### Given data
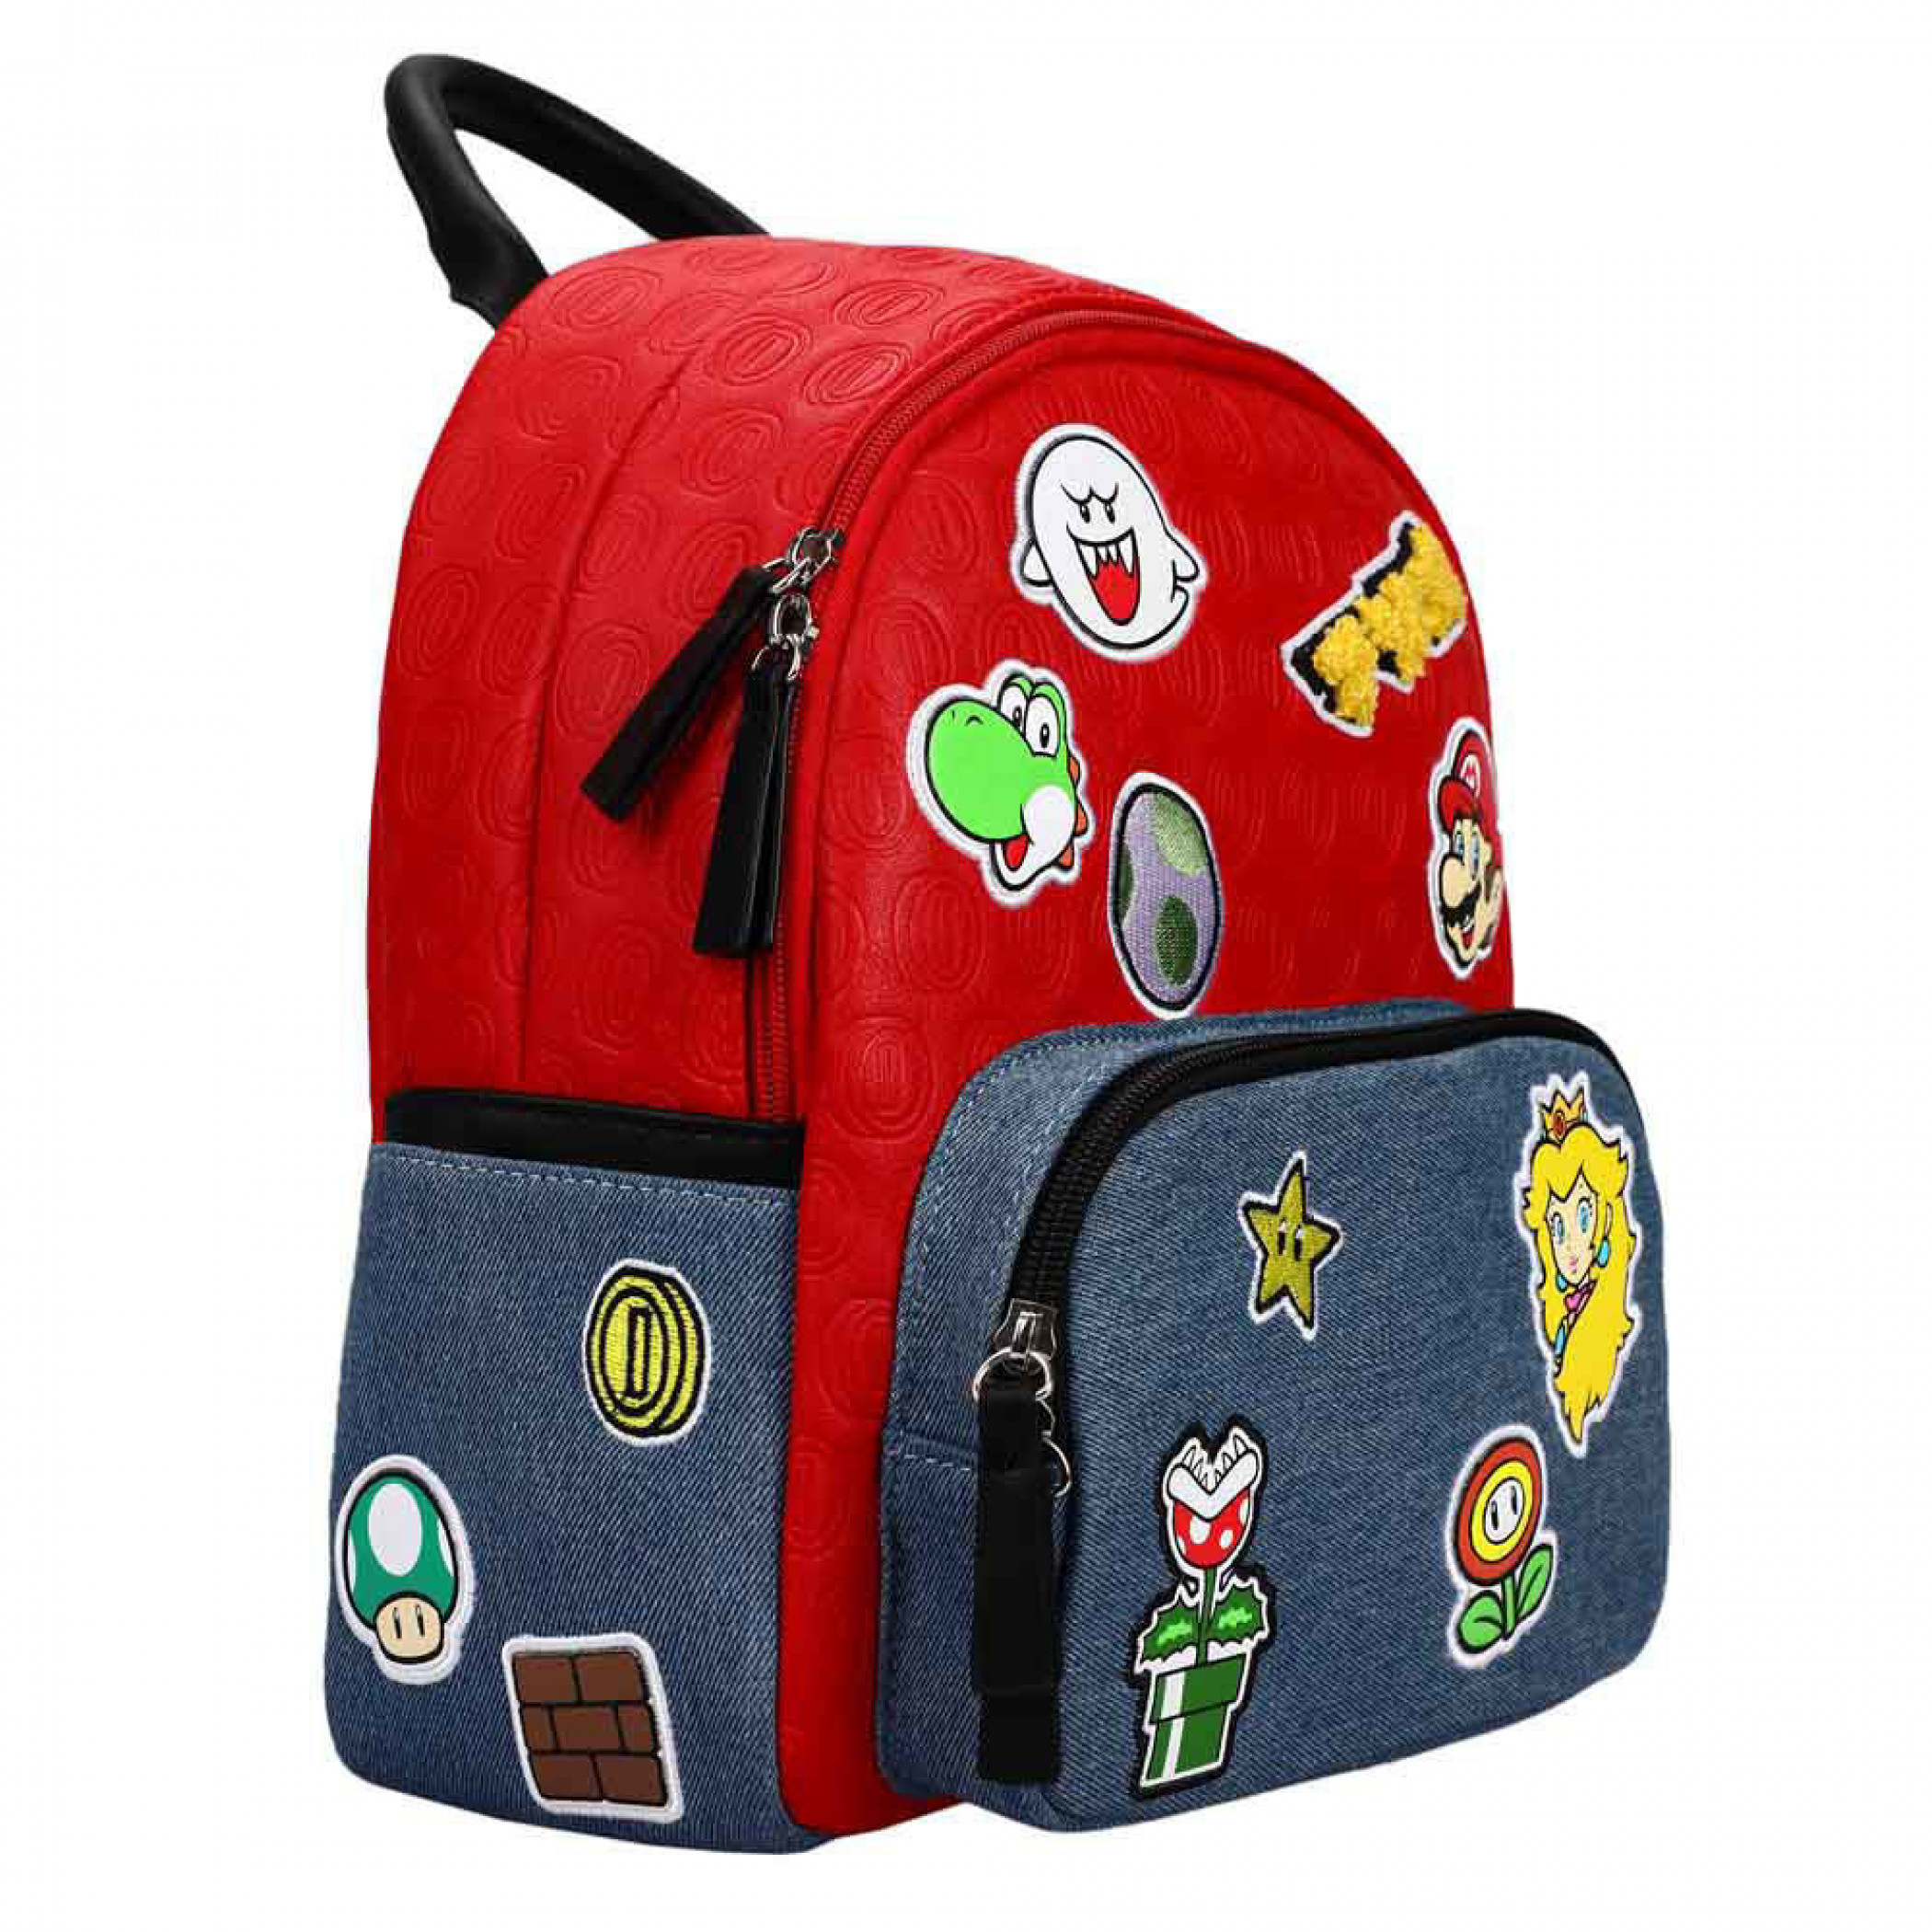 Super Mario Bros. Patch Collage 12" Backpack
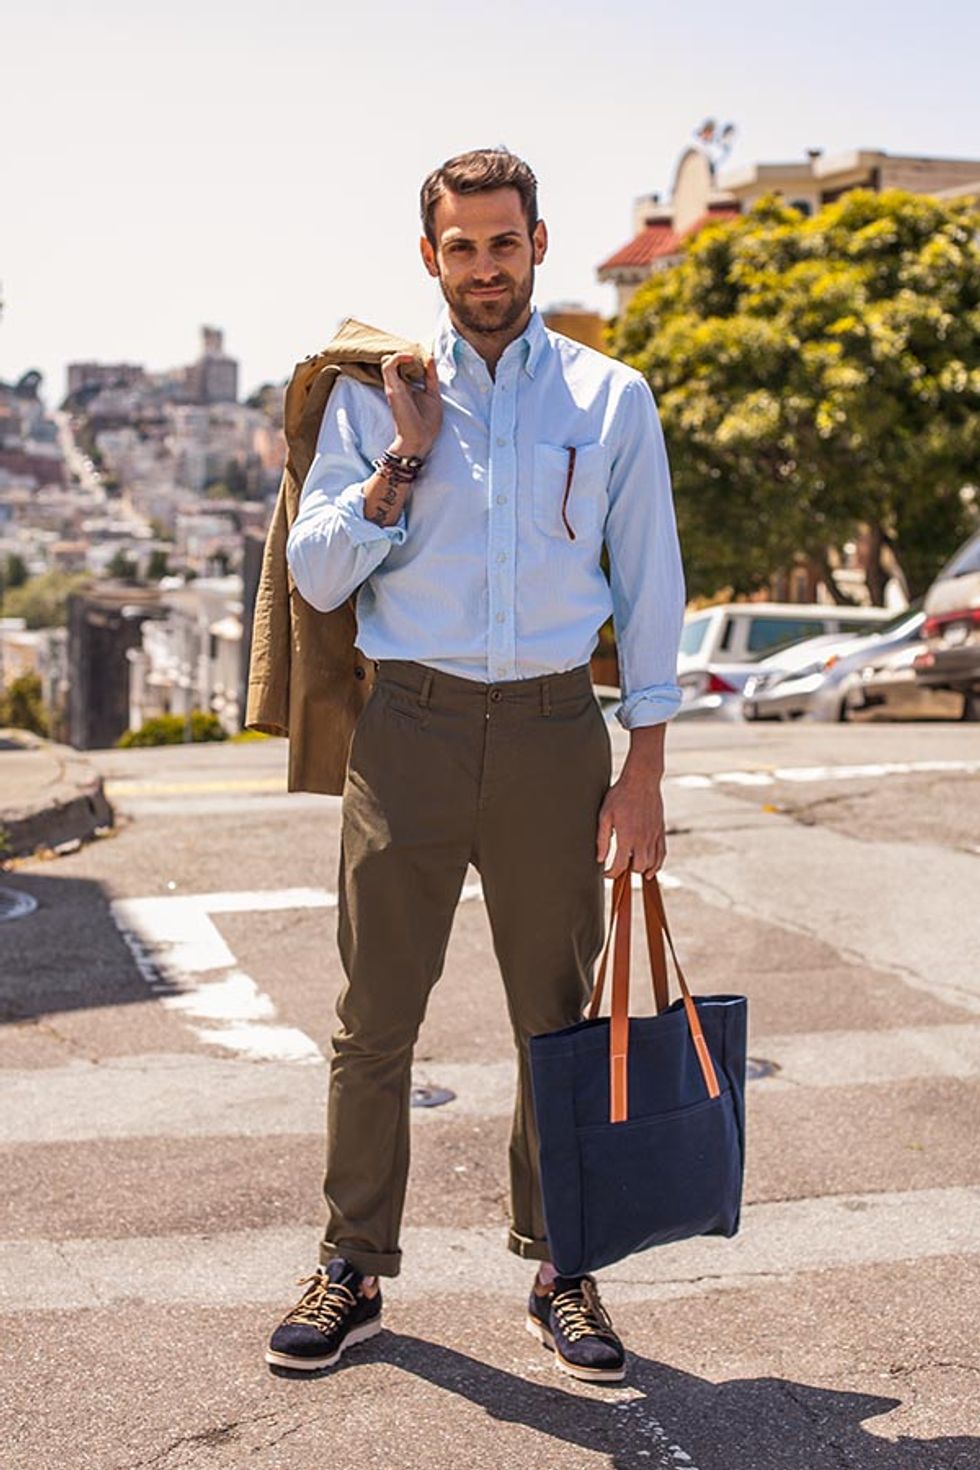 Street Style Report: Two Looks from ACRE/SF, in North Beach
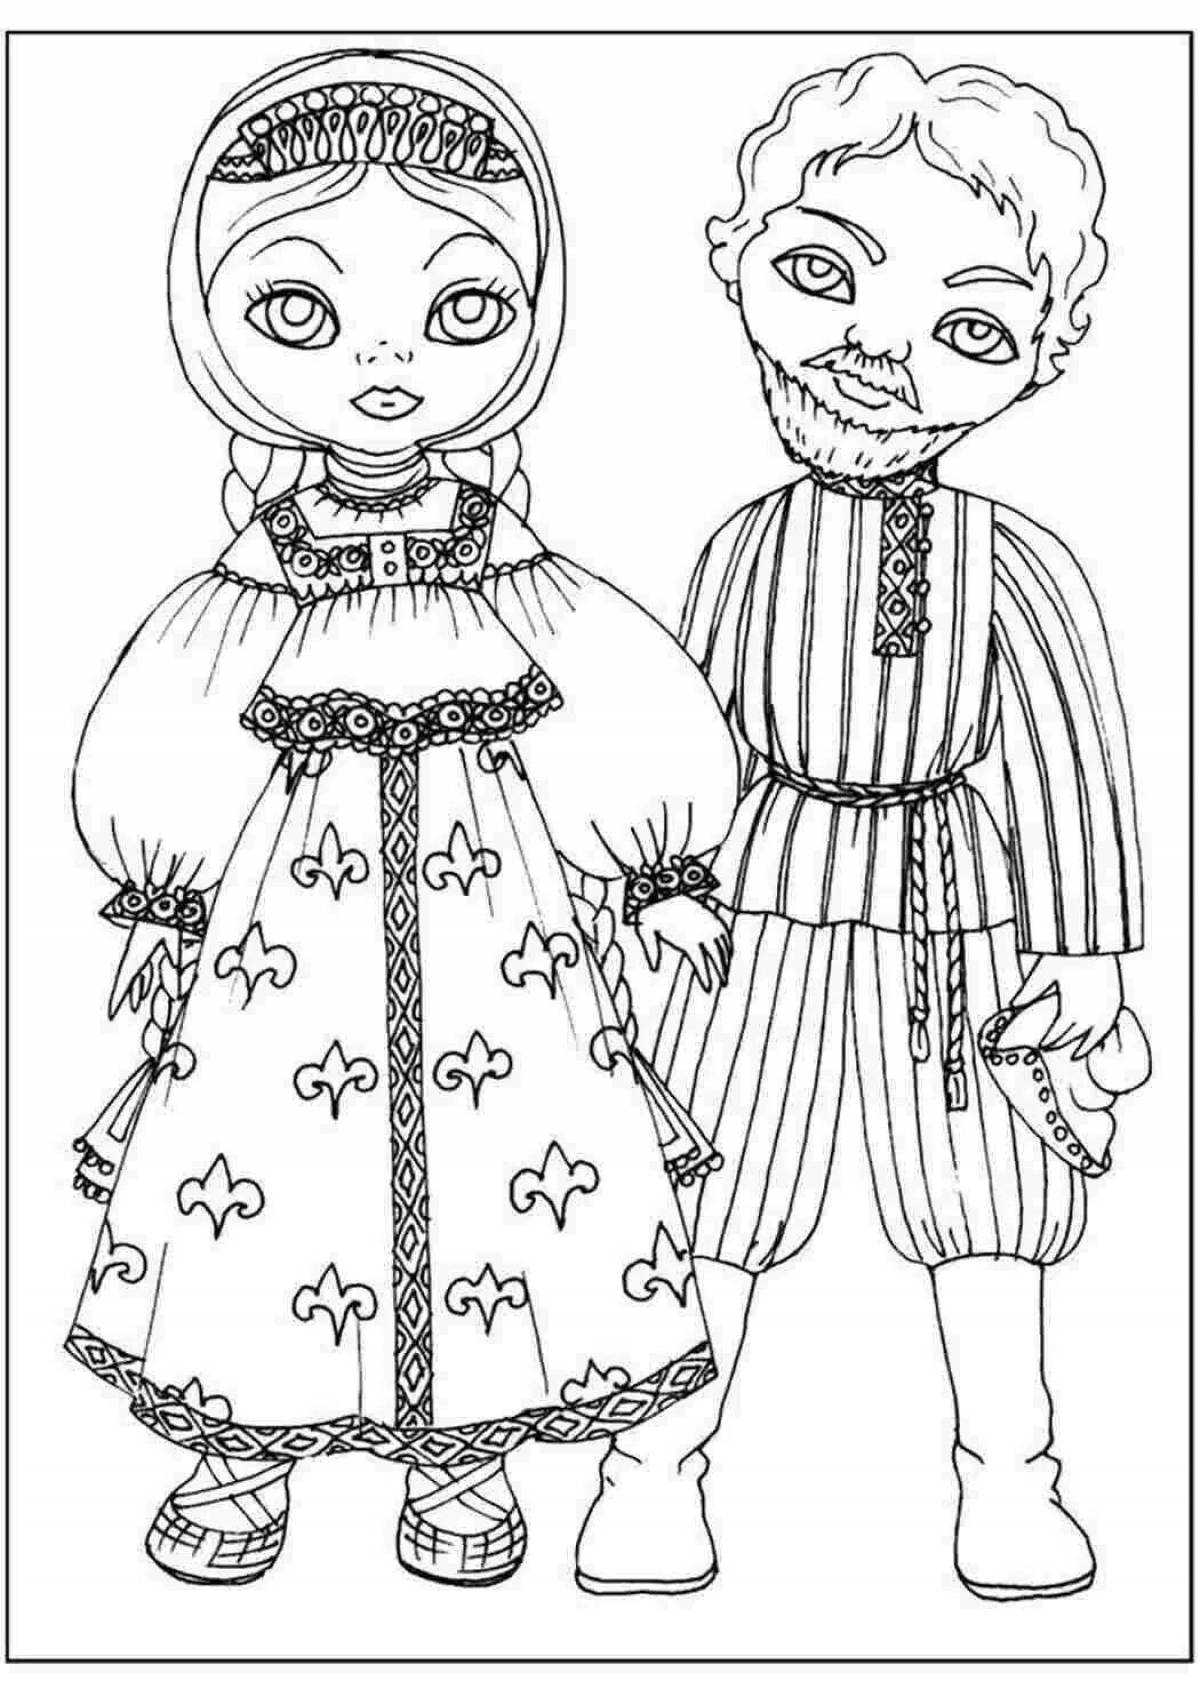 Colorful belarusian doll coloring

### What is expected
Produce an exact copy of each line of data, skipping embedded images.

### Problem solution
 Super Mario Bros. Patch Collage 12" Backpack
 Street Style Report: Two Looks from ACRE/SF, in North Beach
 Colorful belarusian doll coloring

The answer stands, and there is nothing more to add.